[Provided data]
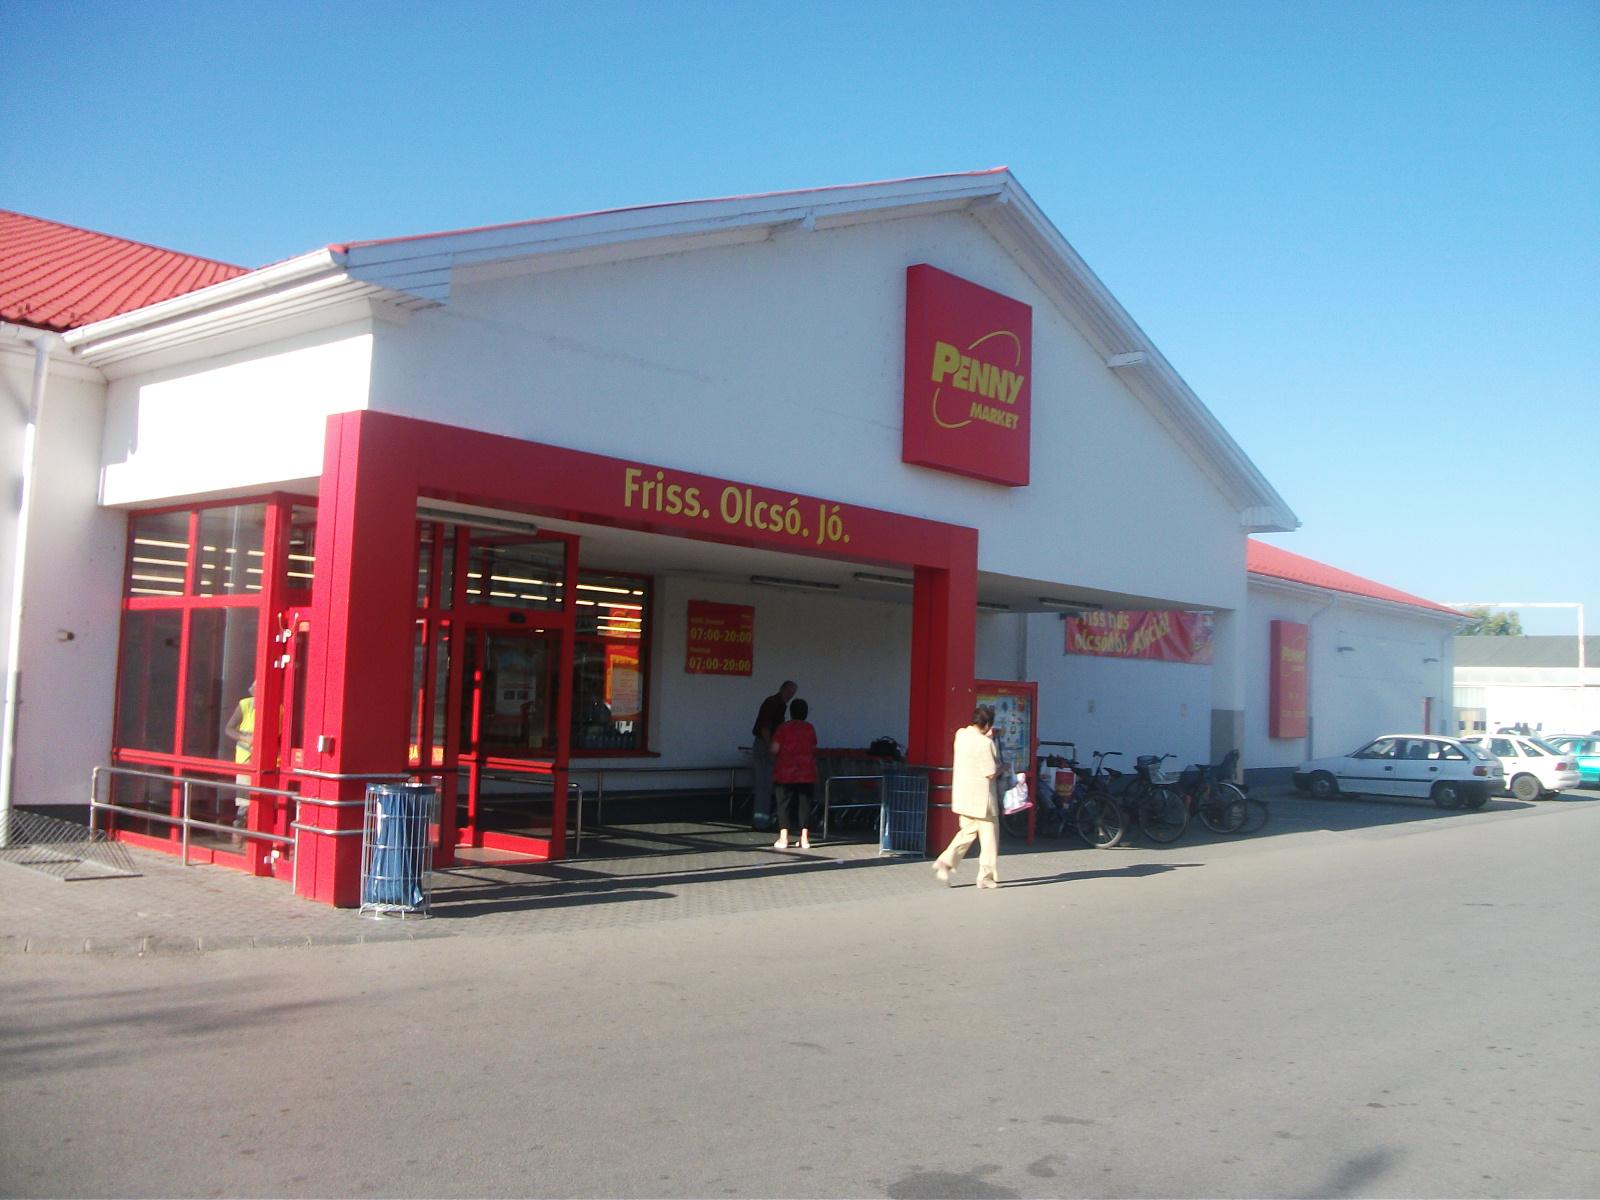 Supermarkt Penny
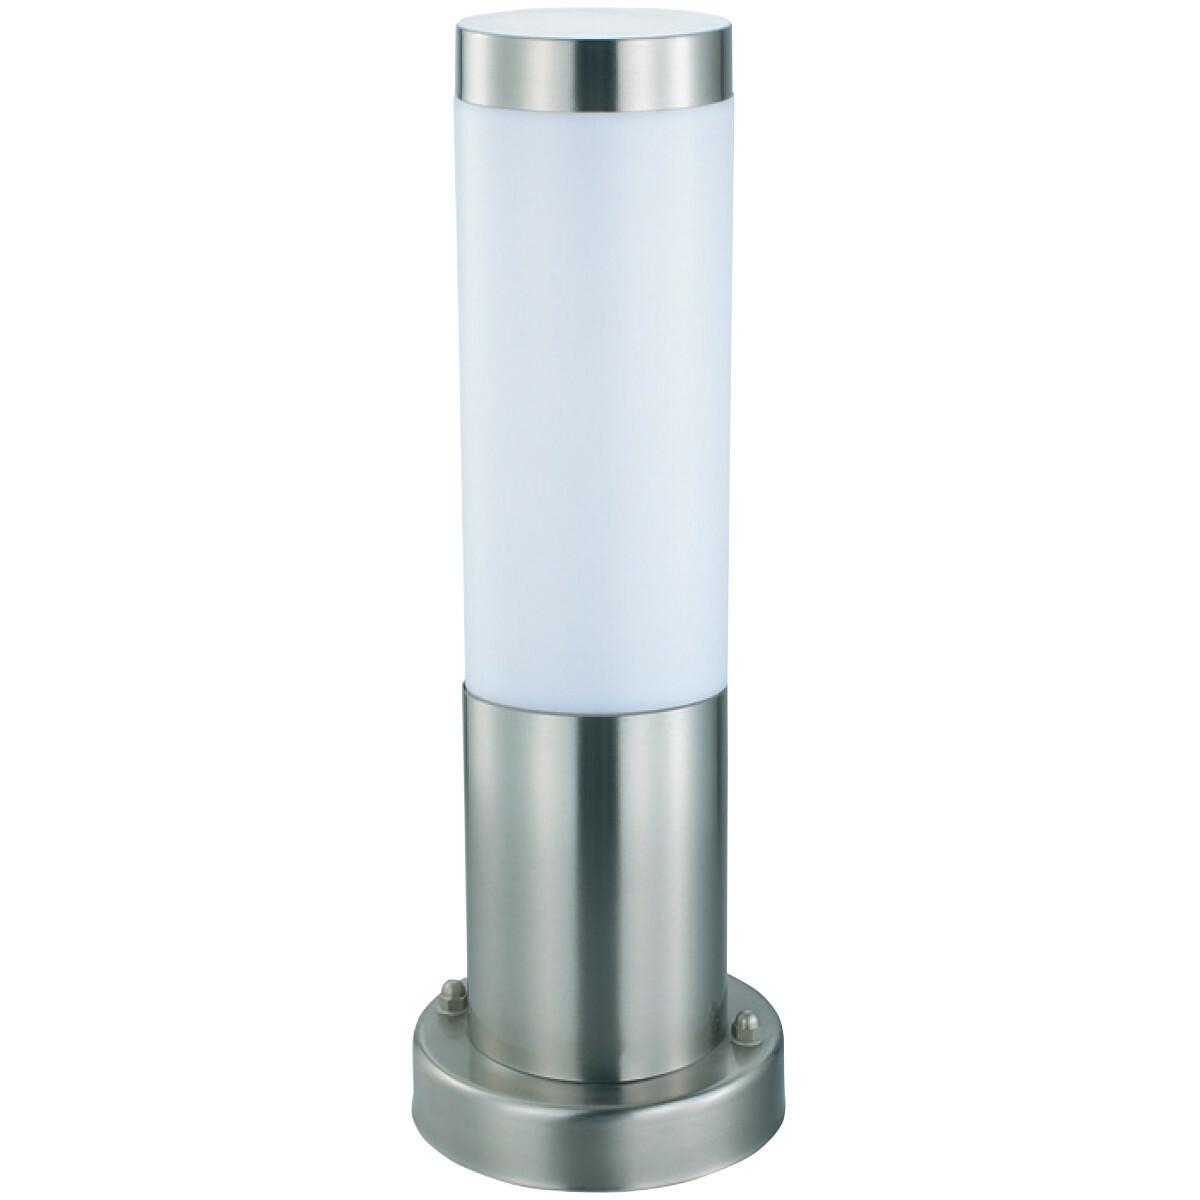 PHILIPS - LED Tuinverlichting - Staande Buitenlamp - CorePro Lustre 827 P45 FR - Laurea 3 - E27 Fitt
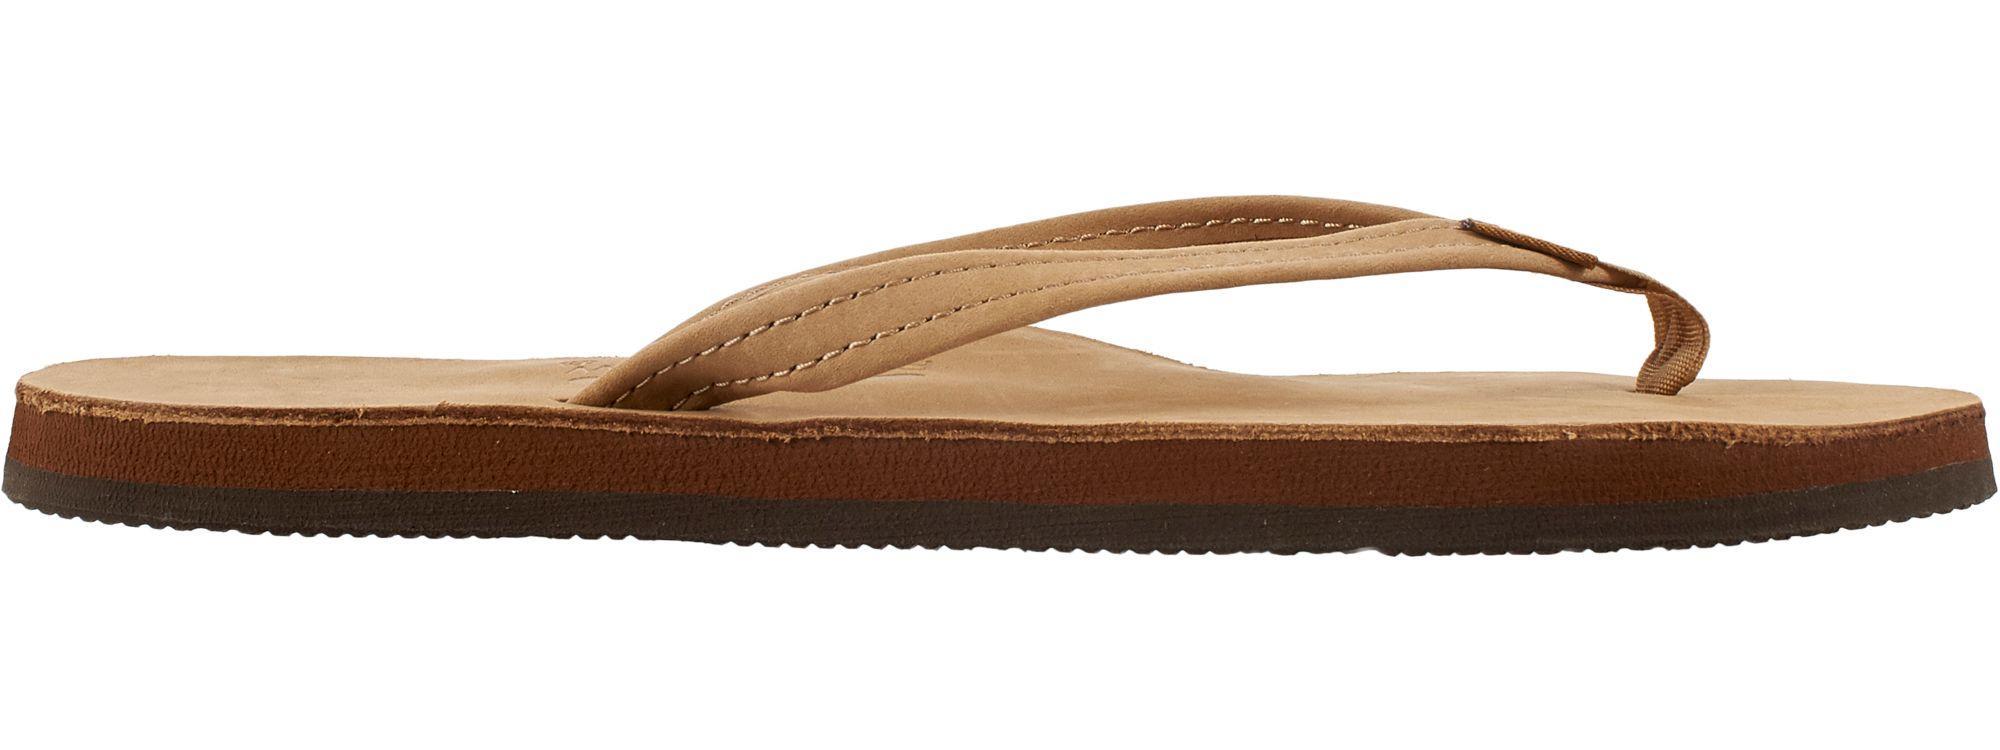 7e8717f5a Lyst - Rainbow Sandals Narrow 301 Flip Flops in Brown
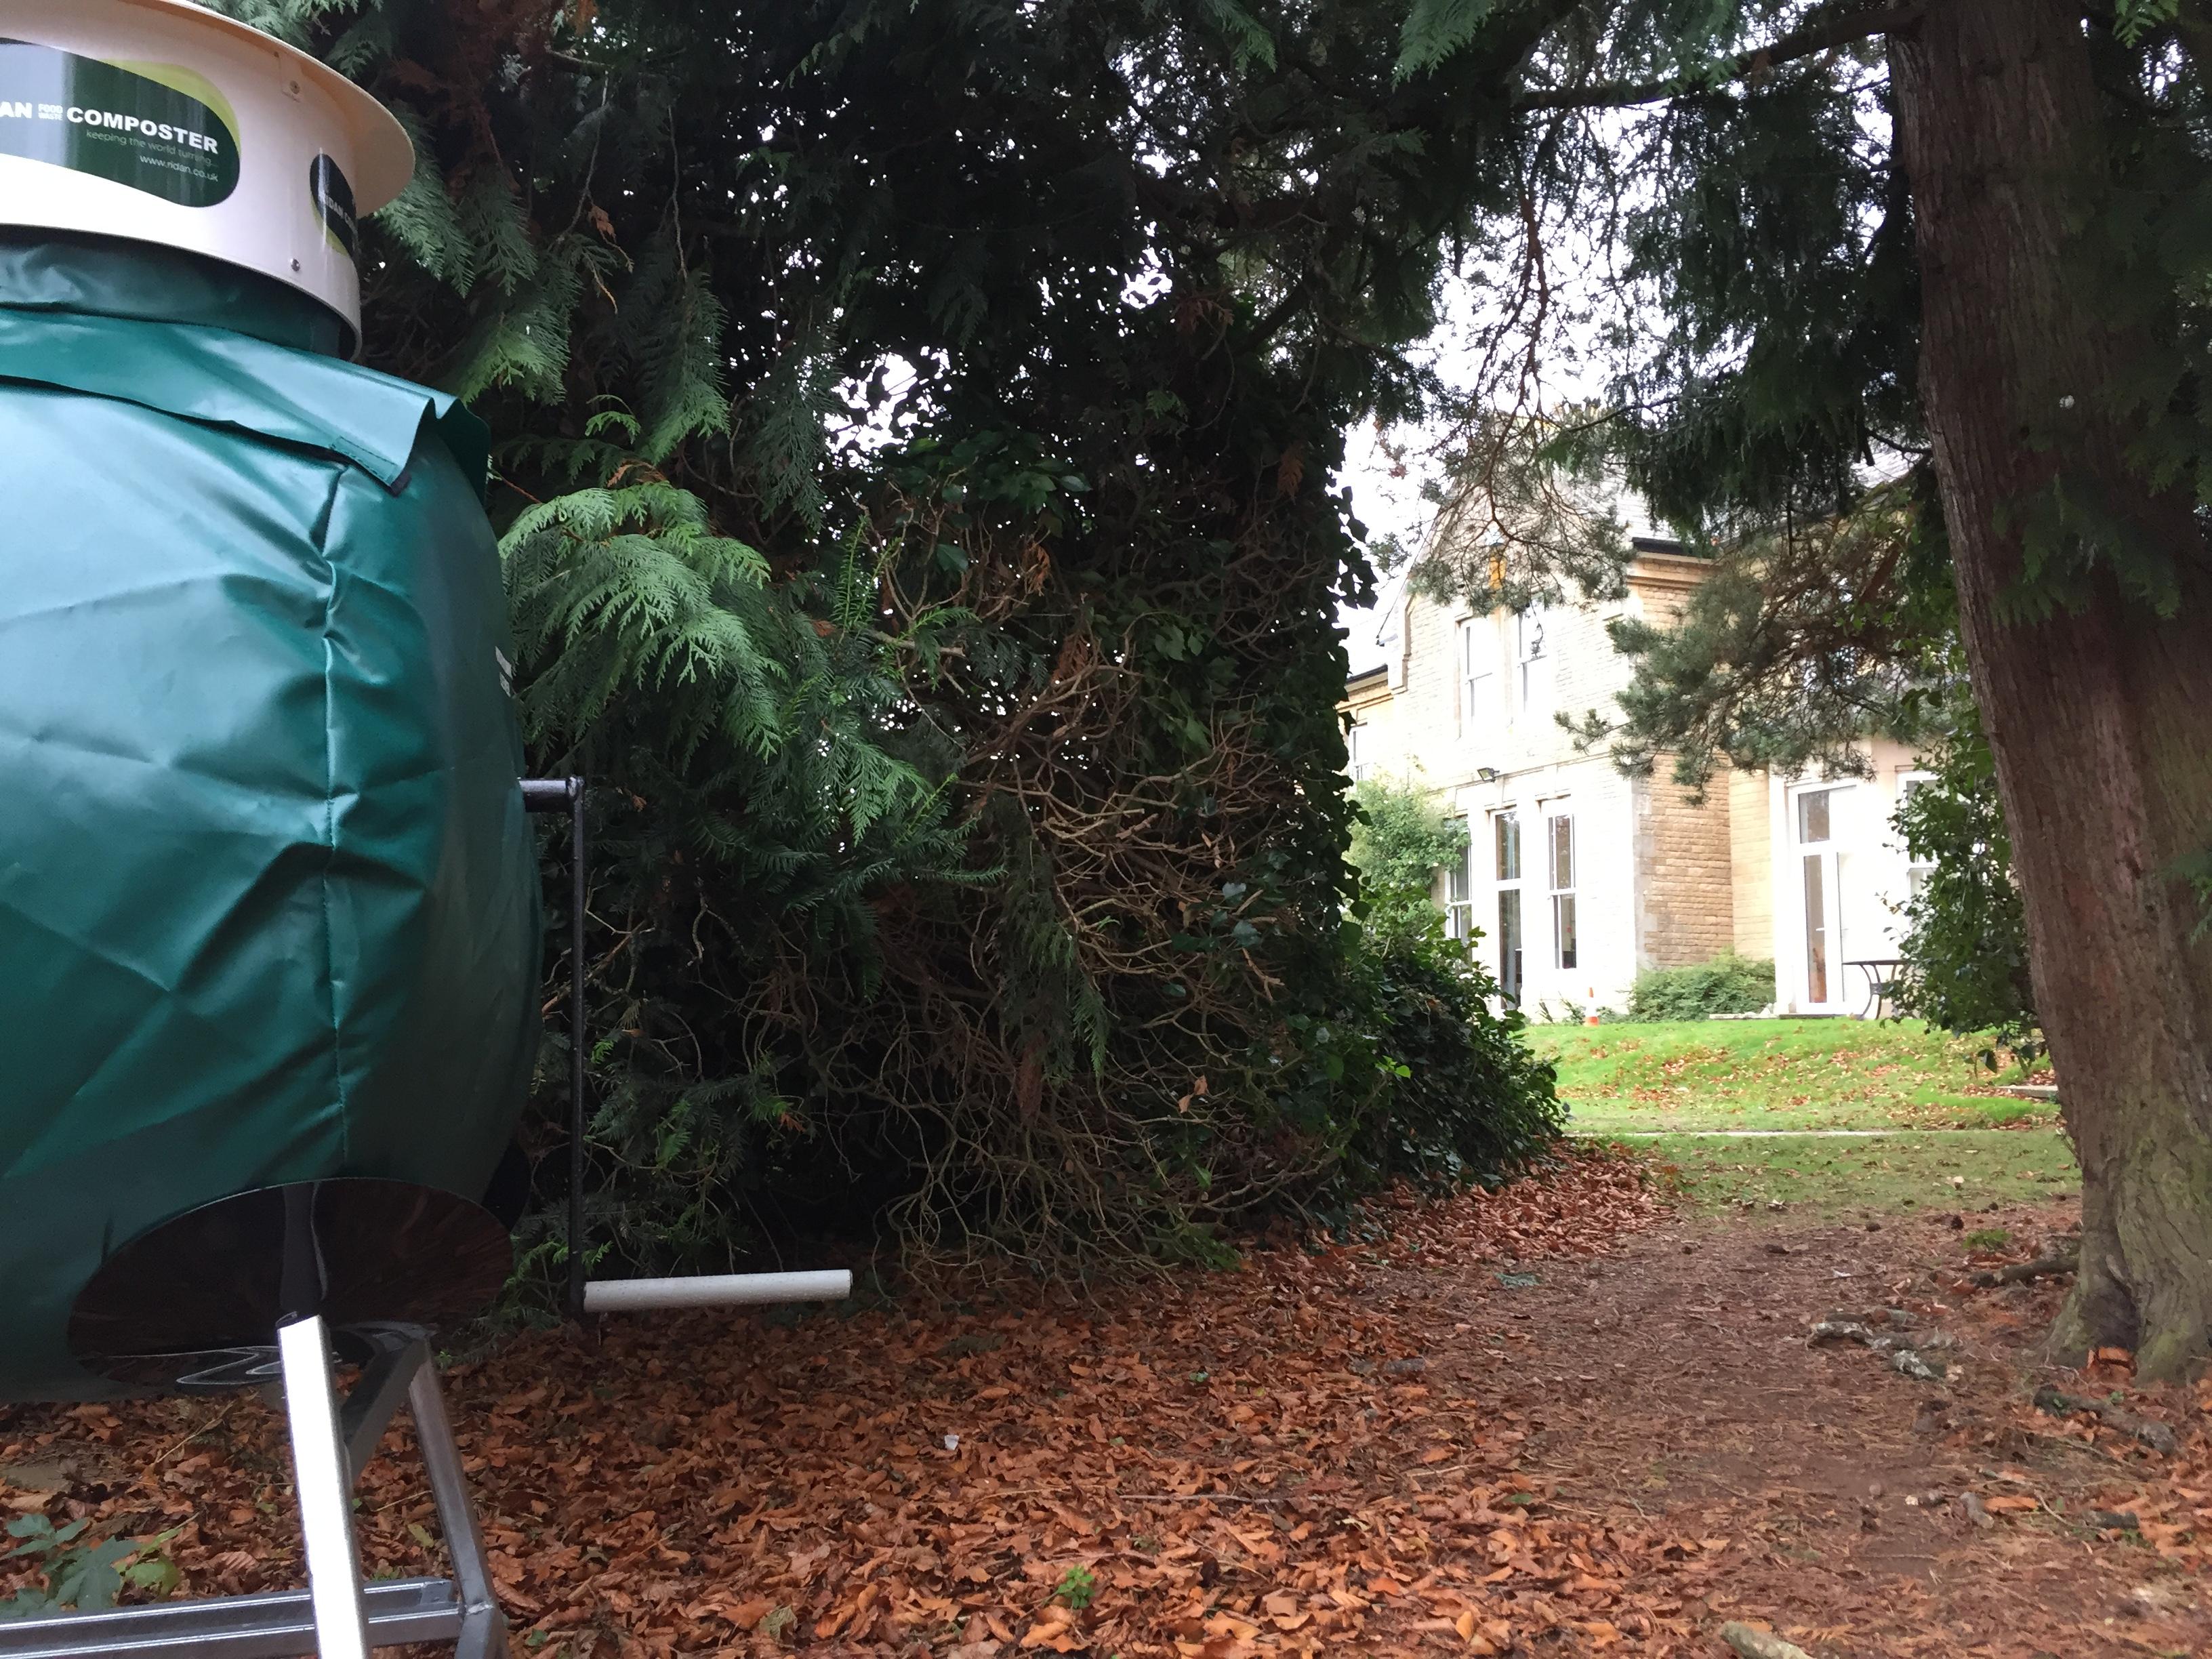 Food waste composter Ridan

[Brief] Everything in the listing above, apart from its pictures, must be repeated exactly.

[Solution to this task]
 Supermarkt Penny
 PHILIPS - LED Tuinverlichting - Staande Buitenlamp - CorePro Lustre 827 P45 FR - Laurea 3 - E27 Fitt
 7e8717f5a Lyst - Rainbow Sandals Narrow 301 Flip Flops in Brown
 Food waste composter Ridan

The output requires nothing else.